In your opinion, what kind of threats organizations should be prepared to tackle in the next few years? What security measures are essential in combating these threats?
Cyber security threats are unlikely to go down in the future. This is the number one area of attention and there will not be a single solution. Data security ops is one component that has often been overlooked because internal users are assumed to be trustworthy. But this assumption may not be very sustainable, especially with more data being made accessible to more practitioners. As organizations expand their data operations, the likelihood of one user being compromised is growing, and the potential impacts are getting bigger. Of course, one should start with the basic security practices (MFA, strong password, strict permissioning) but we expect the data architecture to be more and more influenced by security concerns. Reducing the attack surface is a general approach that can be useful here: instead of granting full read access to many data practitioners, providing safe and privacy-preserving access through tools such as Sarus greatly reduces the number of potential leaks. As in other areas of cybersecurity, zero trust is becoming the baseline.
What tips would you give to companies looking to get more value out of their data?
The main advice is to invest in the tools that will support data democratization. Sourcing and processing data at scale is now well covered by cloud vendors. The modern data stack makes it easy. But making it possible for many stakeholders to leverage this data is largely untapped. Data can have value even beyond internal stakeholders. Data clean rooms and data exchanges are in their infancy. Democratization will require solving privacy and data security at scale which is what companies like Sarus are building.

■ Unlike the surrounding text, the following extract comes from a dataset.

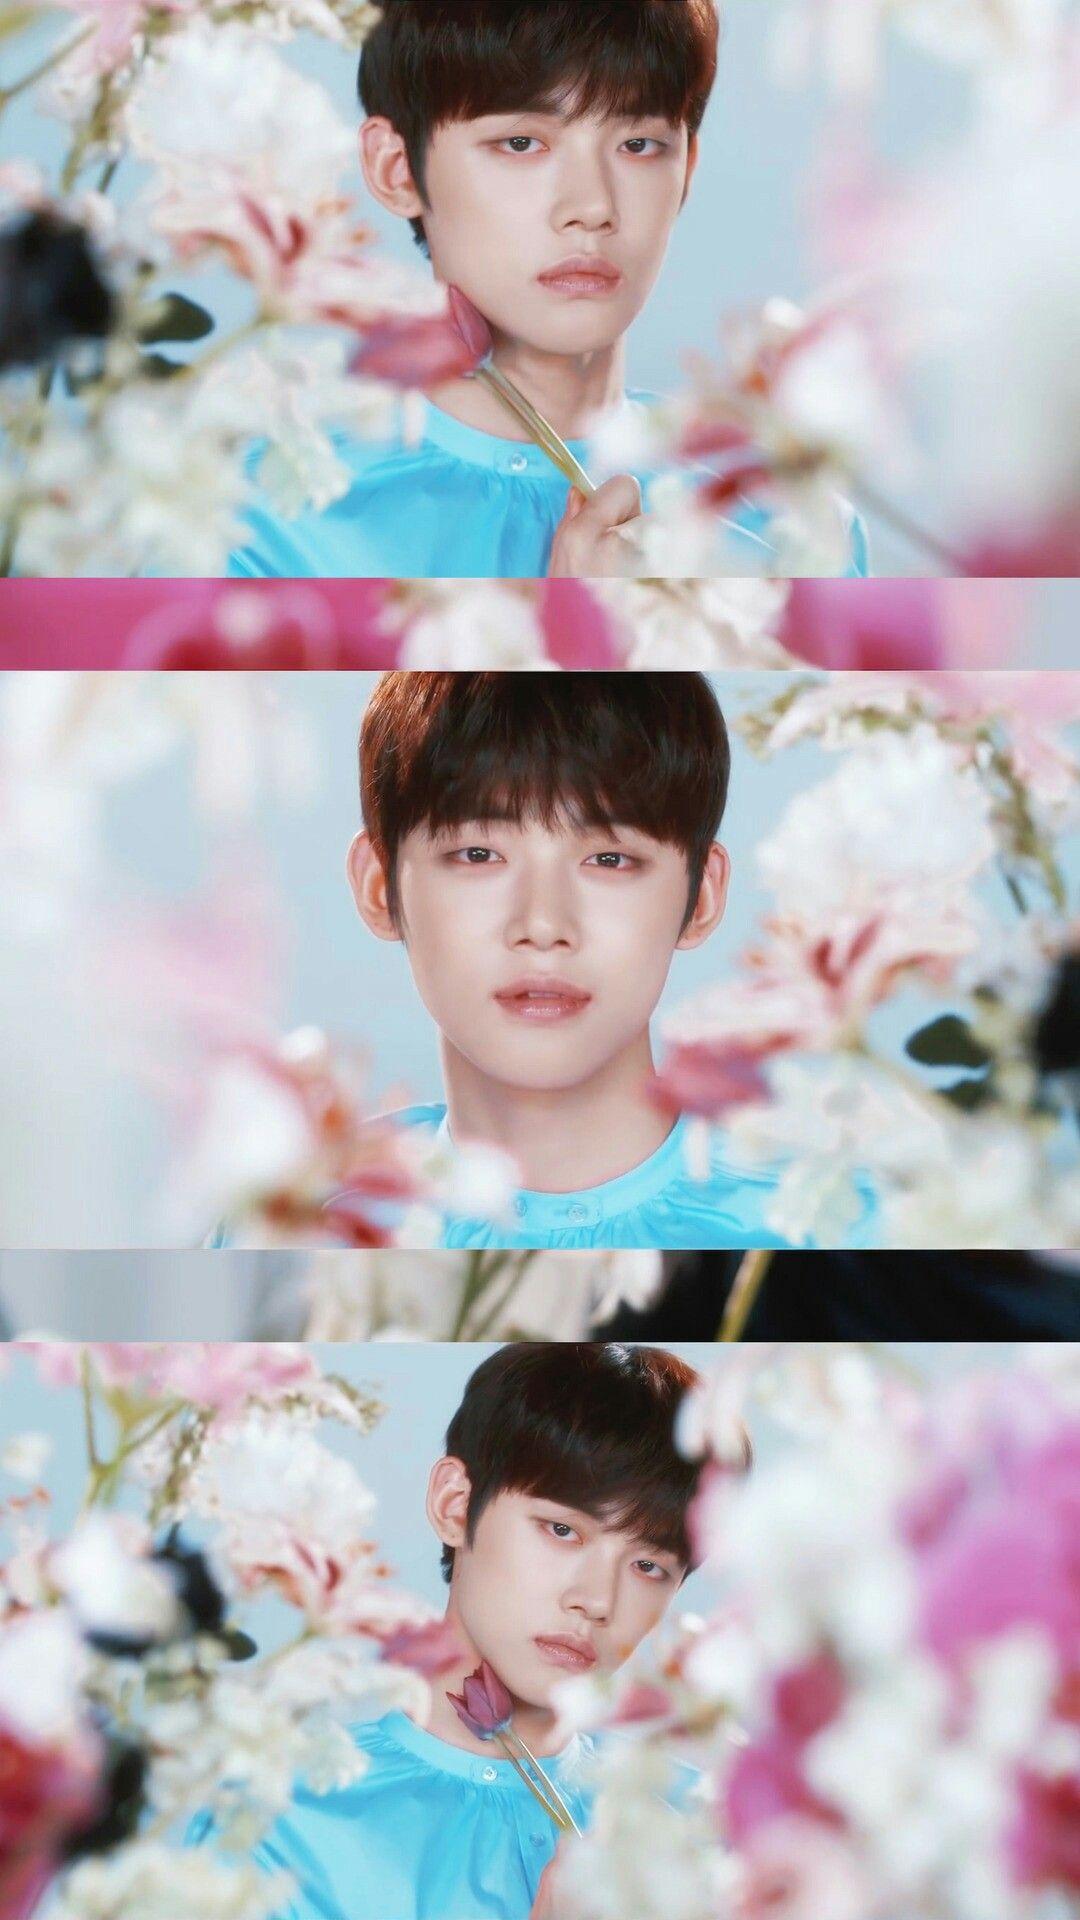 TXTYeonjun in 2019 Wallpaper, Aesthetic wallpapers, What

Tell us, what’s next for Sarus?
This quarter, we are releasing a tremendous extension of the Sarus product that brings privacy directly into all modern data infrastructures, of any size, for any data pipeline. This opens the door to integrating natively with data warehouses and accelerates deployment and time-to-value for our clients. We also just graduated from Y Combinator which gave us a first foothold in the US where we see the most traction for privacy and data security solutions. We will be growing our operations there significantly!